Ничего не понимая, мы только молча смотрели на них. Капитан обратился к художнику:
— Не скажете ли, чем вы рисовали?
— Плакатной краской, — честно признался Лешек и испуганно добавил: — А что, запрещается?
— Всю картину плакатной? И это тоже?
Лешек подошел к своему произведению, чтобы вблизи увидеть то место, куда тыкал пальцем капитан. Увидев, сначала ошалело огляделся, потом так же ошалело уставился на нас. Вид у него был… неинтеллигентный.
— А что это? — только и произнес он.
— Вот мы и хотели бы у вас узнать — что это.
— Нет, это не плакатная краска, — все так же неинтеллигентно заявил Лешек.
— А что?
В голосе капитана звучал металл, и Лешек совсем потерялся.
— Лопнуть мне на этом месте, не знаю! Я рисовал плакатной!
Капитан обратился к нам:
— Не поможете ли определить, чем это нарисовано? И кто рисовал?
Нас не надо было долго просить, мы и так были вне себя от любопытства. Вскочив с мест, мы столпились у картины.

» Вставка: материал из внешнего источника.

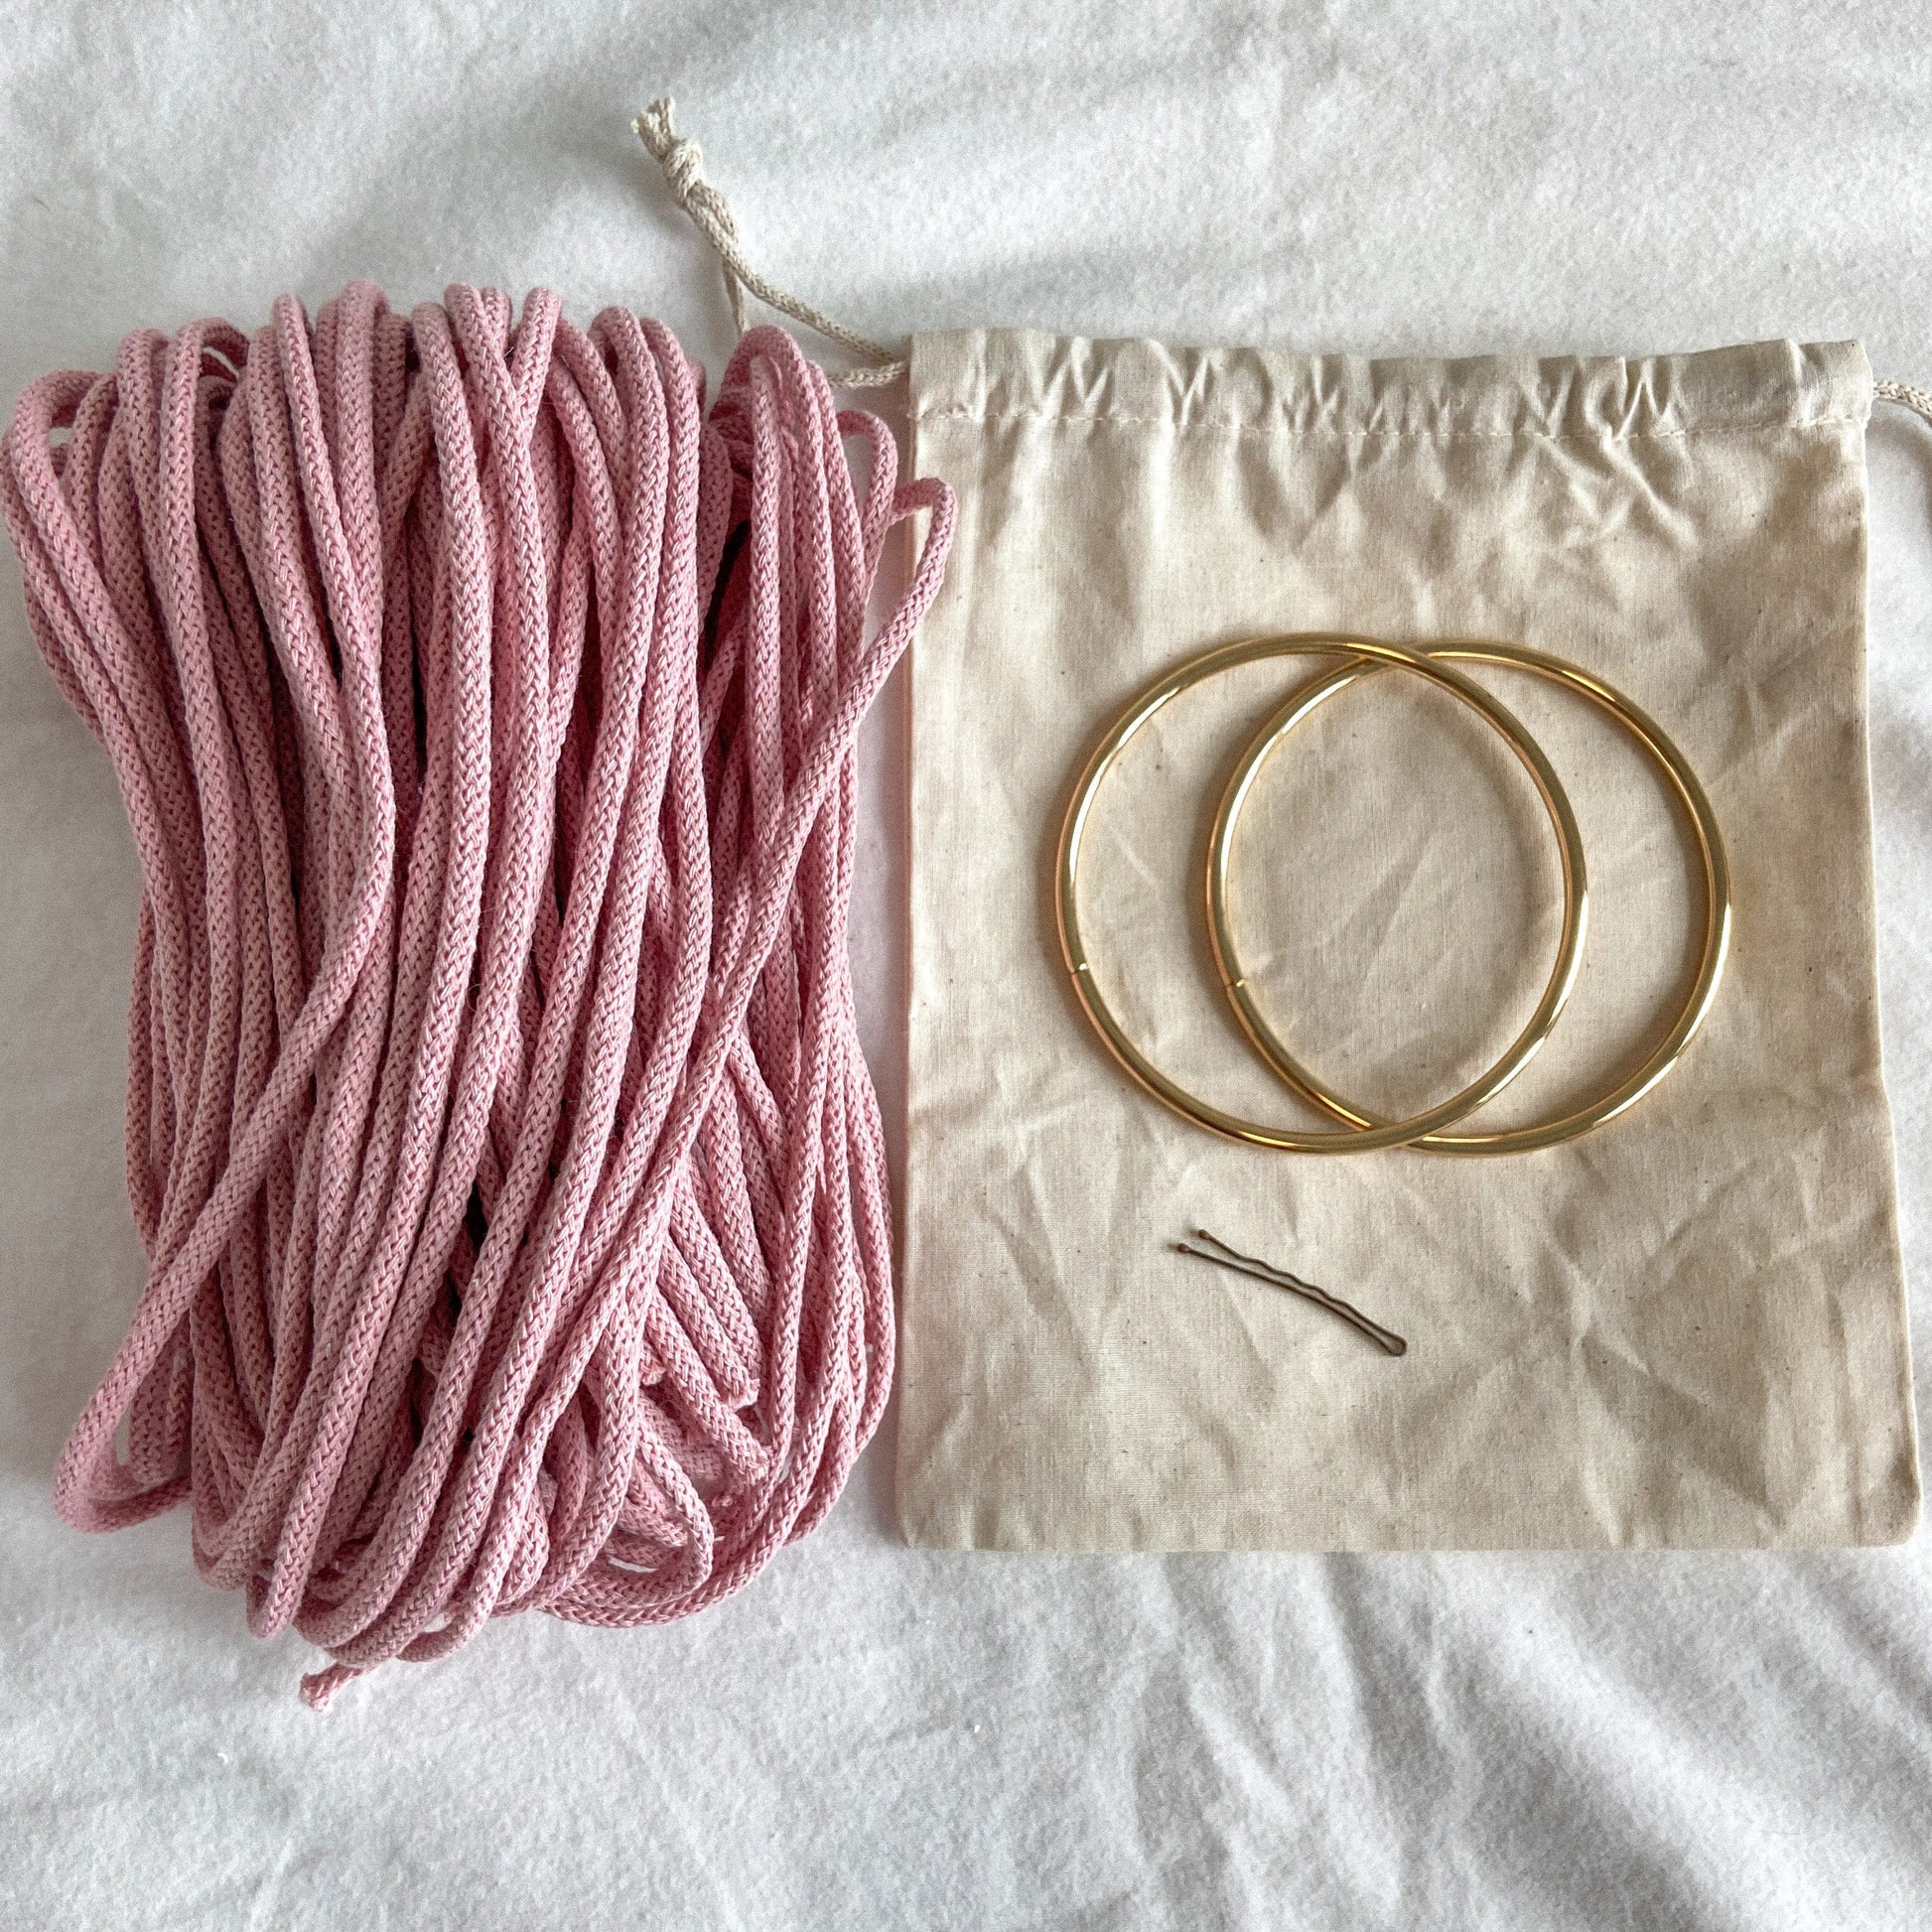  Craft Kits for Adult Women, 6 Colors Macrame Handbag Kit, Supplies: Pattern Instructions Cord Handles & Craft Bag

Мне хватило одного взгляда, чтобы понять, чем вызван такой интерес следователей к Лешекову шедевру. Губы кошмарной бабы покрывал толстый слой губной помады цвета яркой киновари. Янек хохотал, держась руками за живот, а Витольд, удивленный не меньше автора, только и произнес:
— Да ведь это же губная помада.
— Вот именно! — припечатал капитан. — Кто рисовал?
— Я! — сквозь смех признался Янек, сразу же становясь главным объектом внимания.
Оказалось, что, как только пребывающий в меланхолии автор картины покинул комнату, Янек позволил себе немного усовершенствовать картину, восполнив макияж дамы, с полного согласия Януша и моего. Странно, что до сих пор автор этого не заметил, уж очень выделялись губы на общем фоне картины. Но это, в конце концов, дело художника, почему вдруг милиция занялась вопросами колористики?
А те продолжали интересоваться.
— Чем же вы красили? — мягко спросил капитан.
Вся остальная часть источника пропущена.